=== The data ===

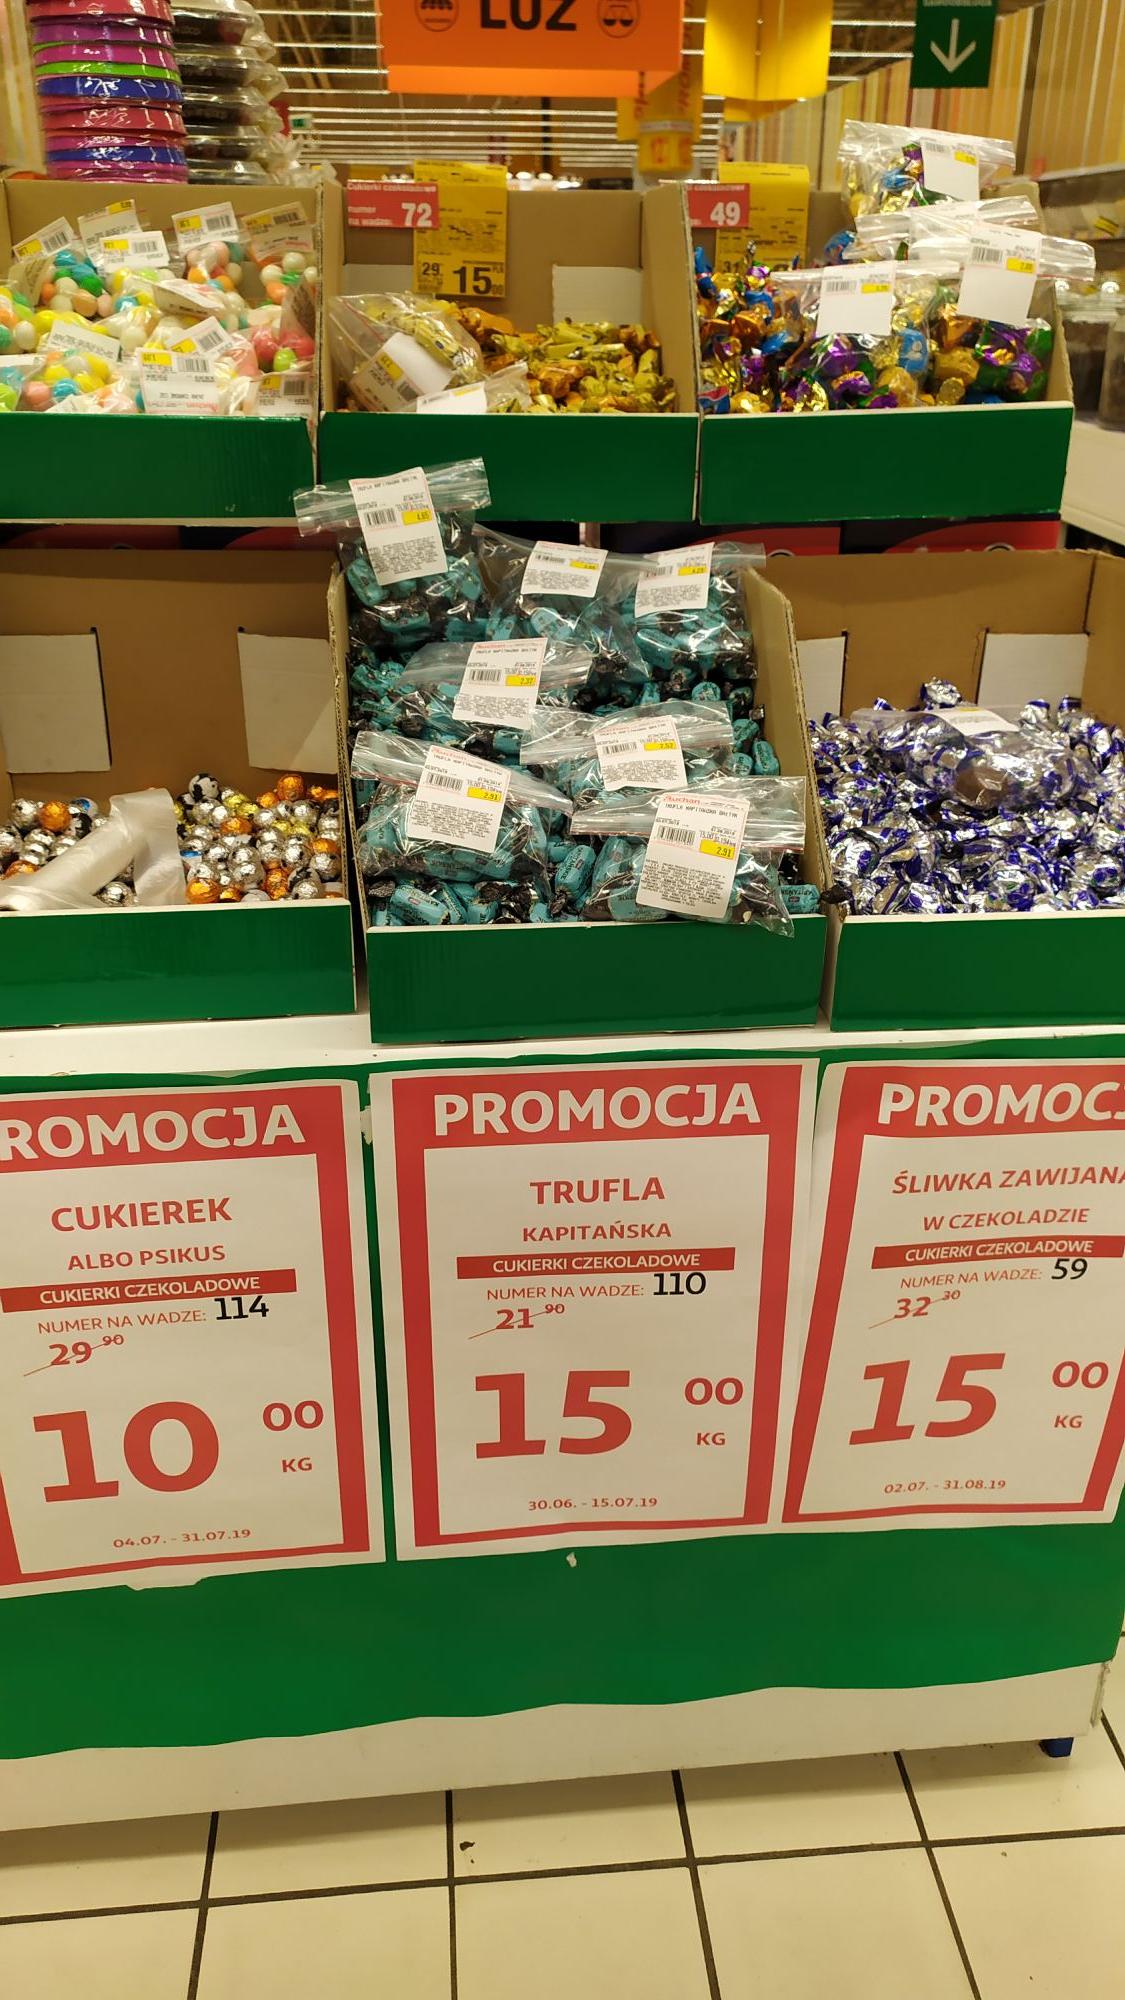 Śliwka zawijana w czekoladzie I inne na wagę Auchan Sosnowiec Zuzanny
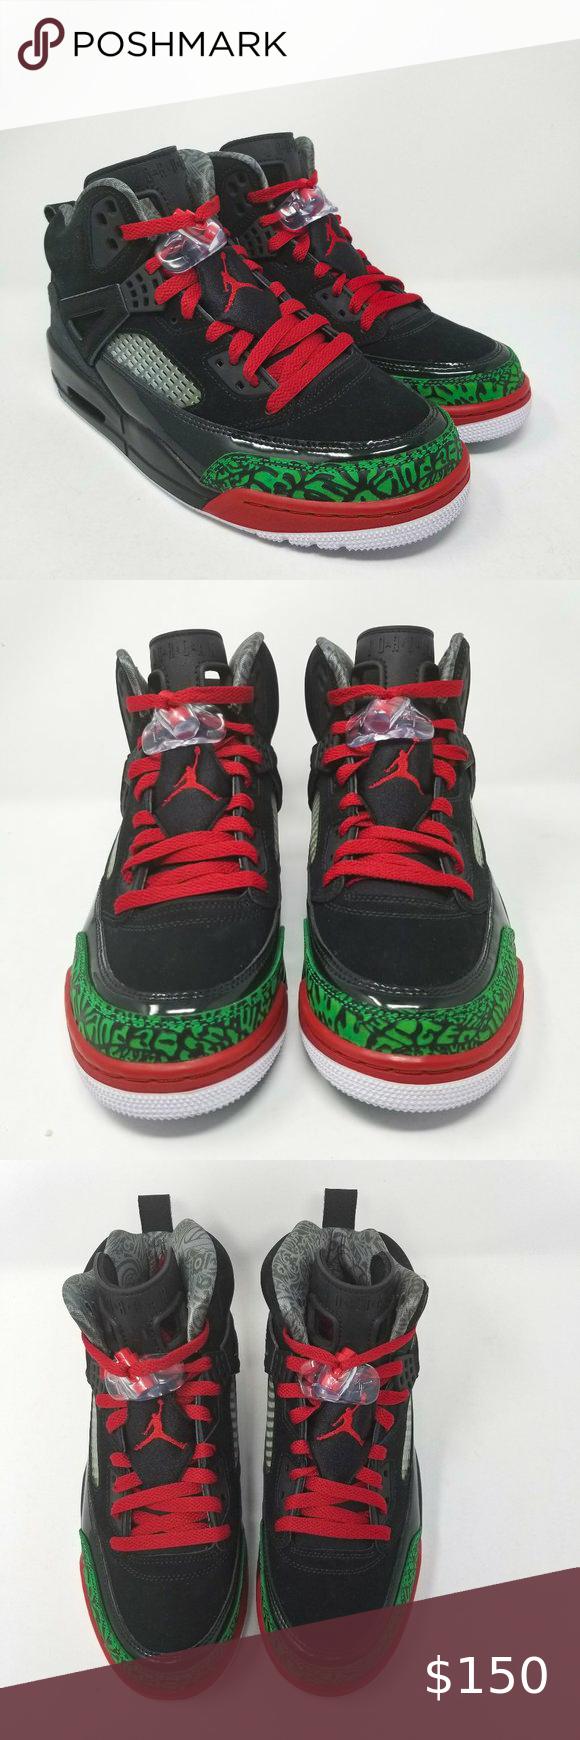 Jordan Spizike Black Red Green
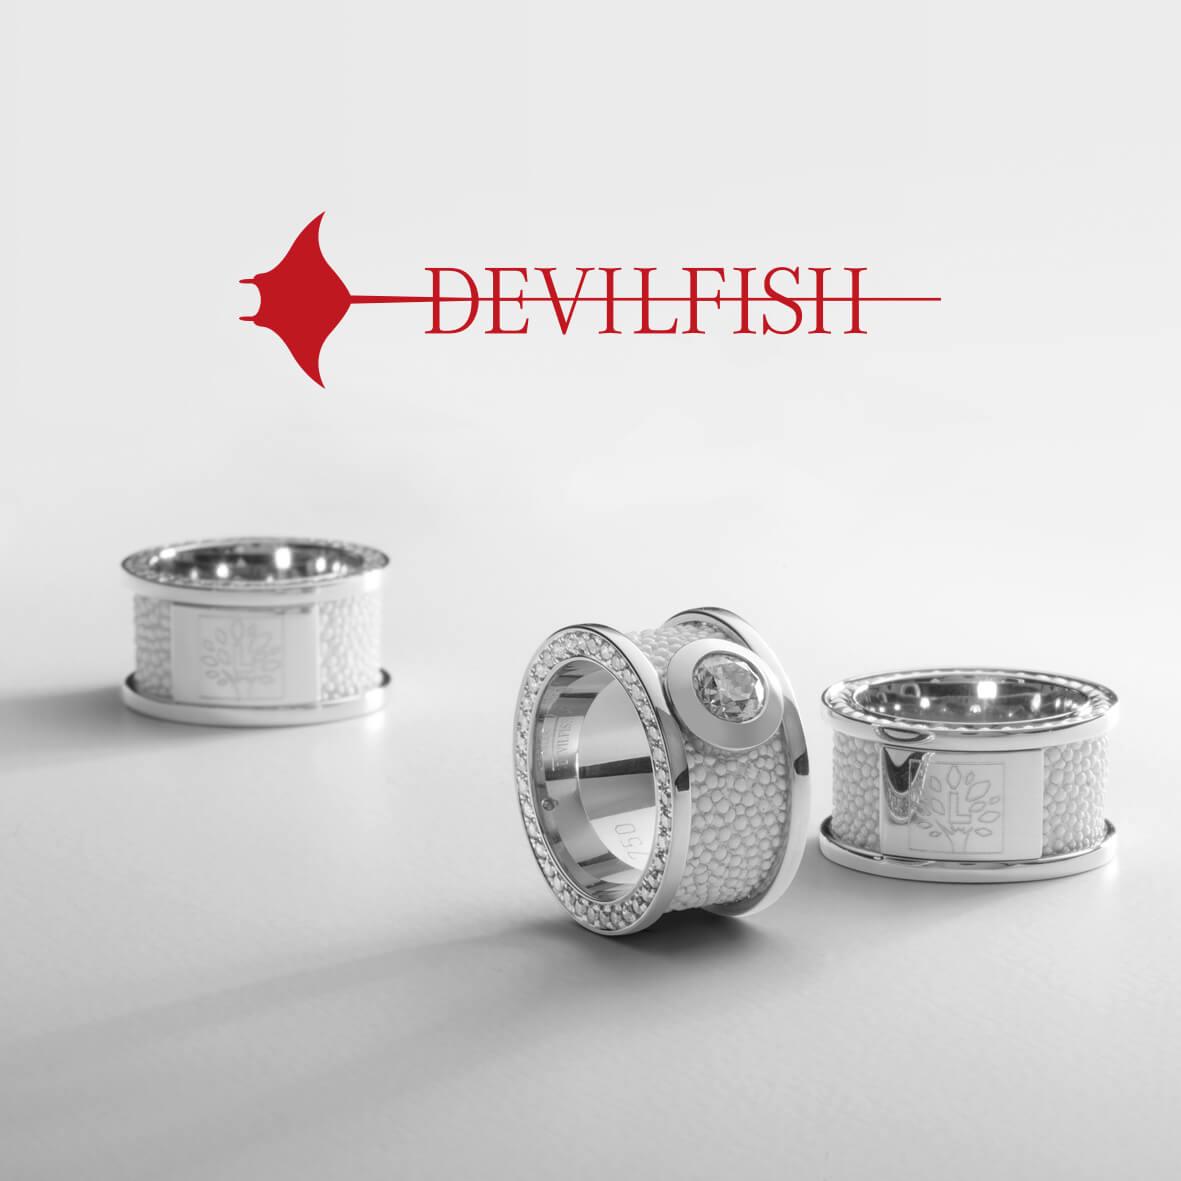 Devilfish-Ringe - Branding
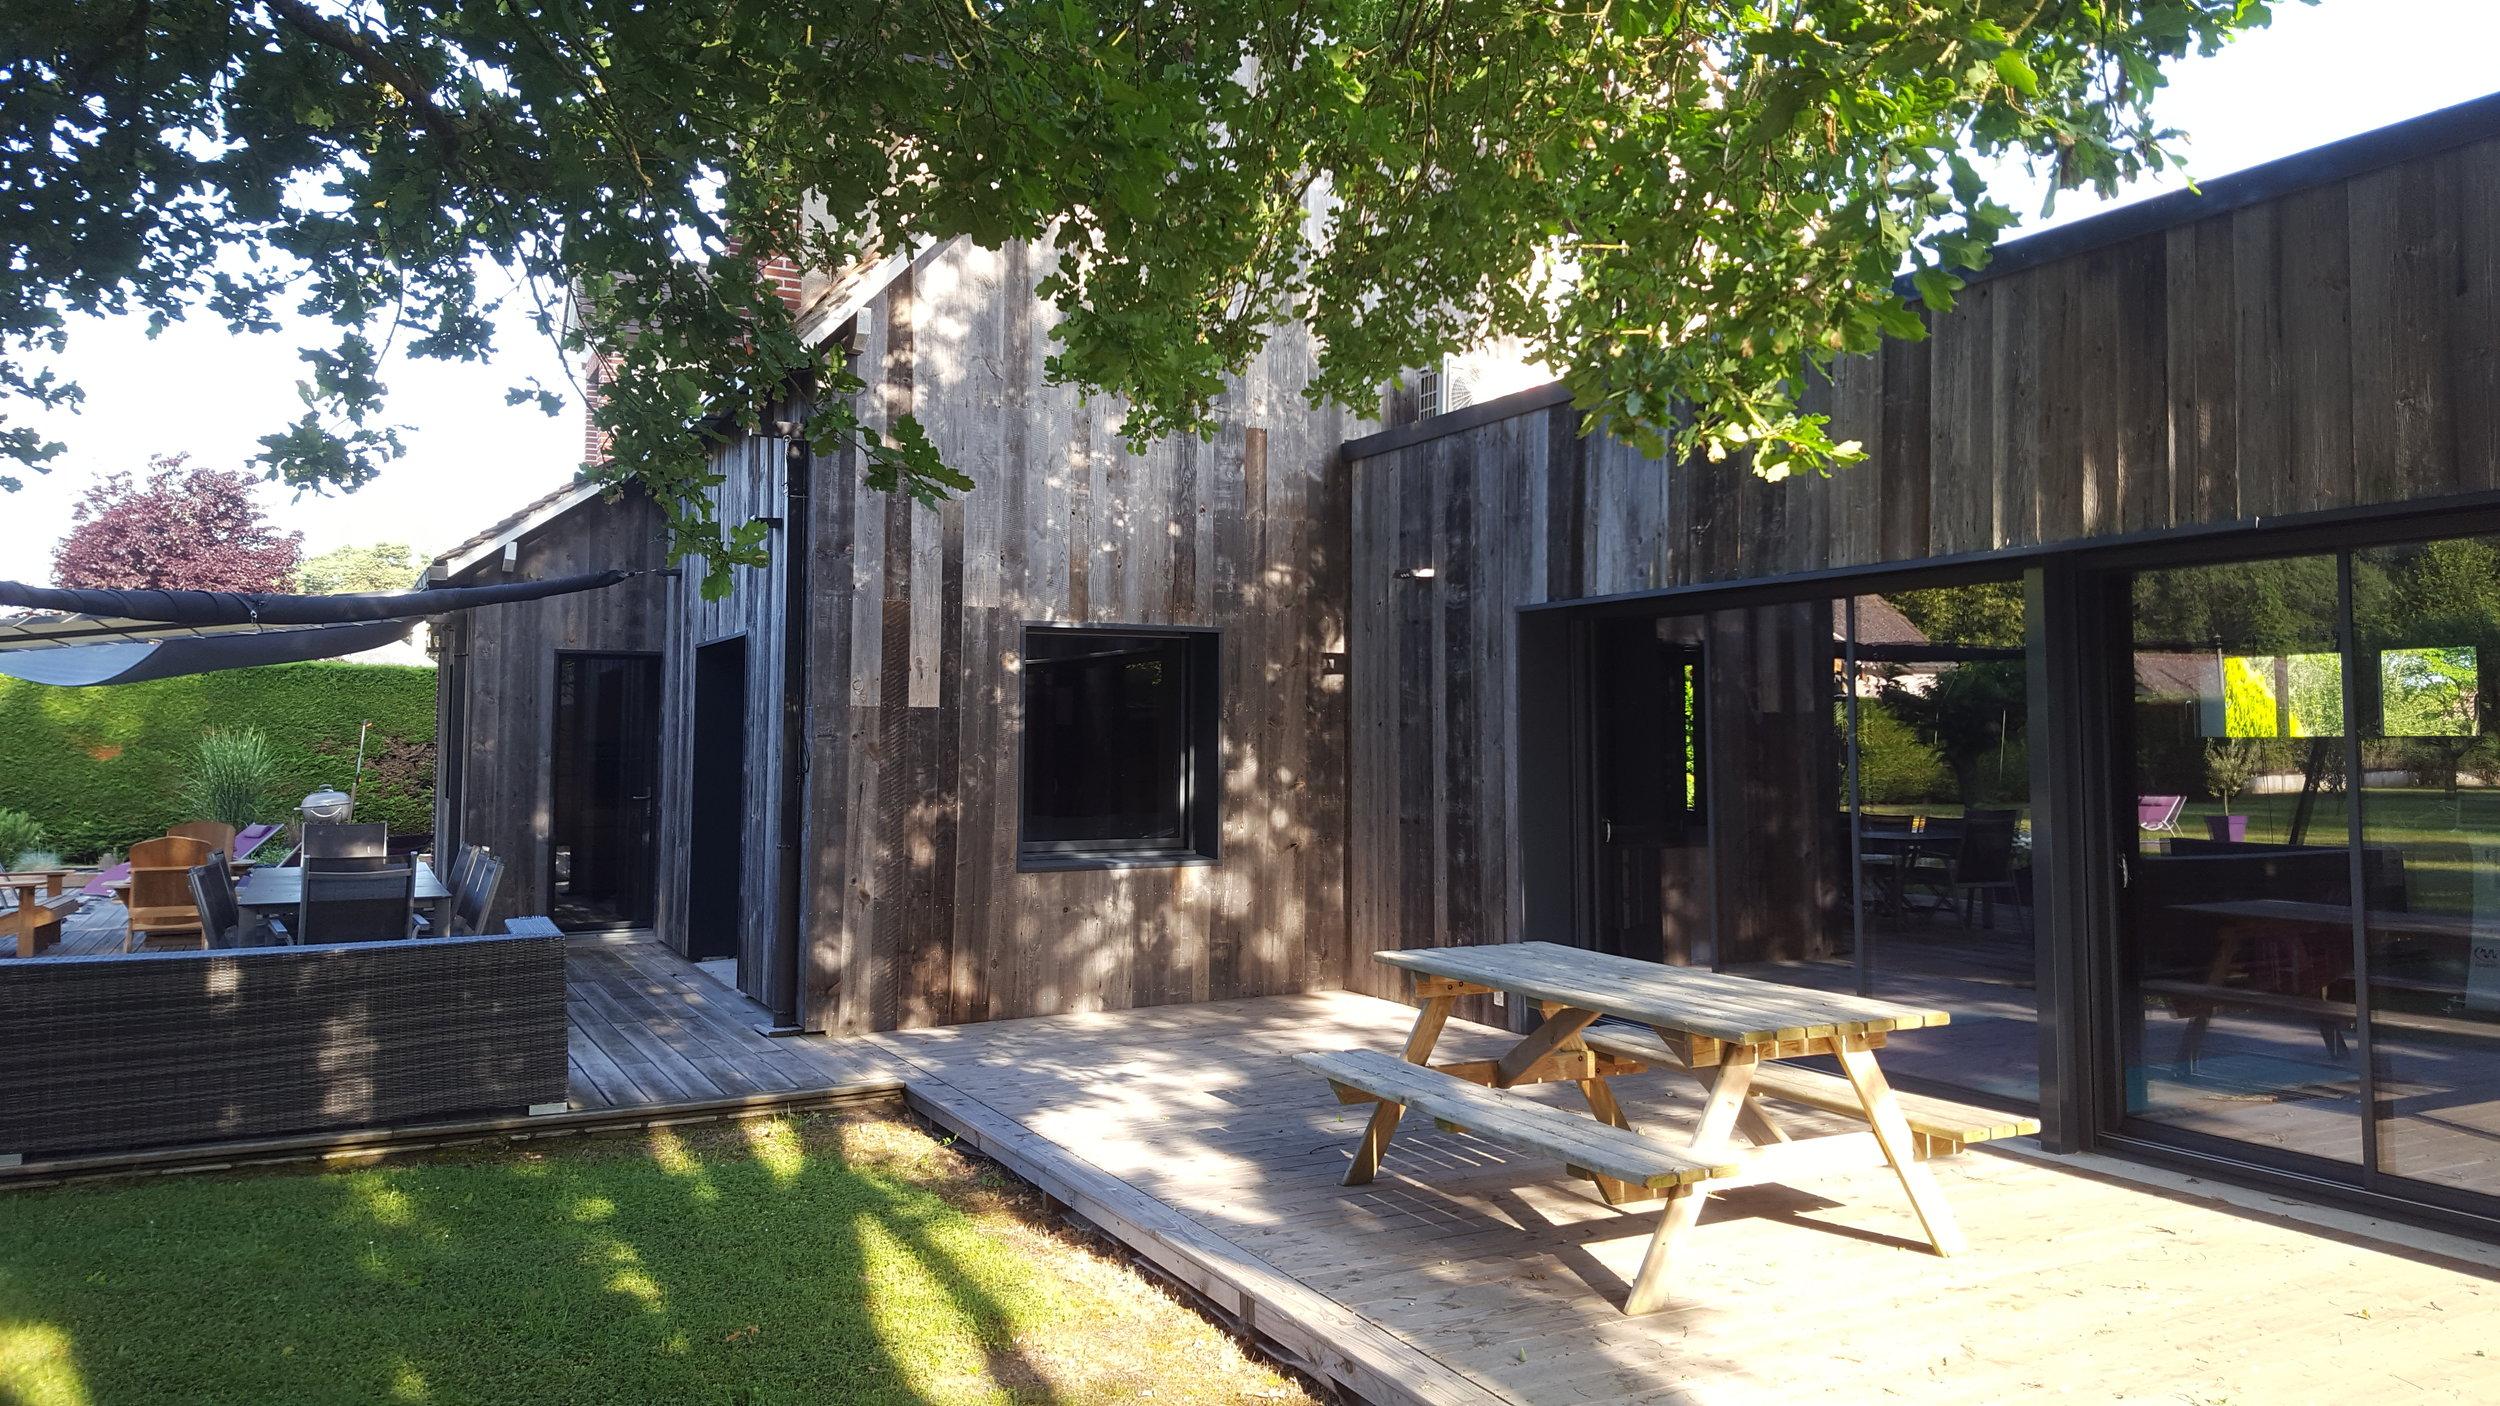 Constructeur Maison En Bois Loir Et Cher néomenuiserienÉomenuiserie bÂtisseurs de maisons bois

===

• **Task instructions**
All lines from the line containing "Jordan Spizike Black Red Green" through the end of the listing above are to be given again exactly; pictures are not part of the copy.

• **Task result**
 Jordan Spizike Black Red Green
 Devilfish-Ringe - Branding
 Constructeur Maison En Bois Loir Et Cher néomenuiserienÉomenuiserie bÂtisseurs de maisons bois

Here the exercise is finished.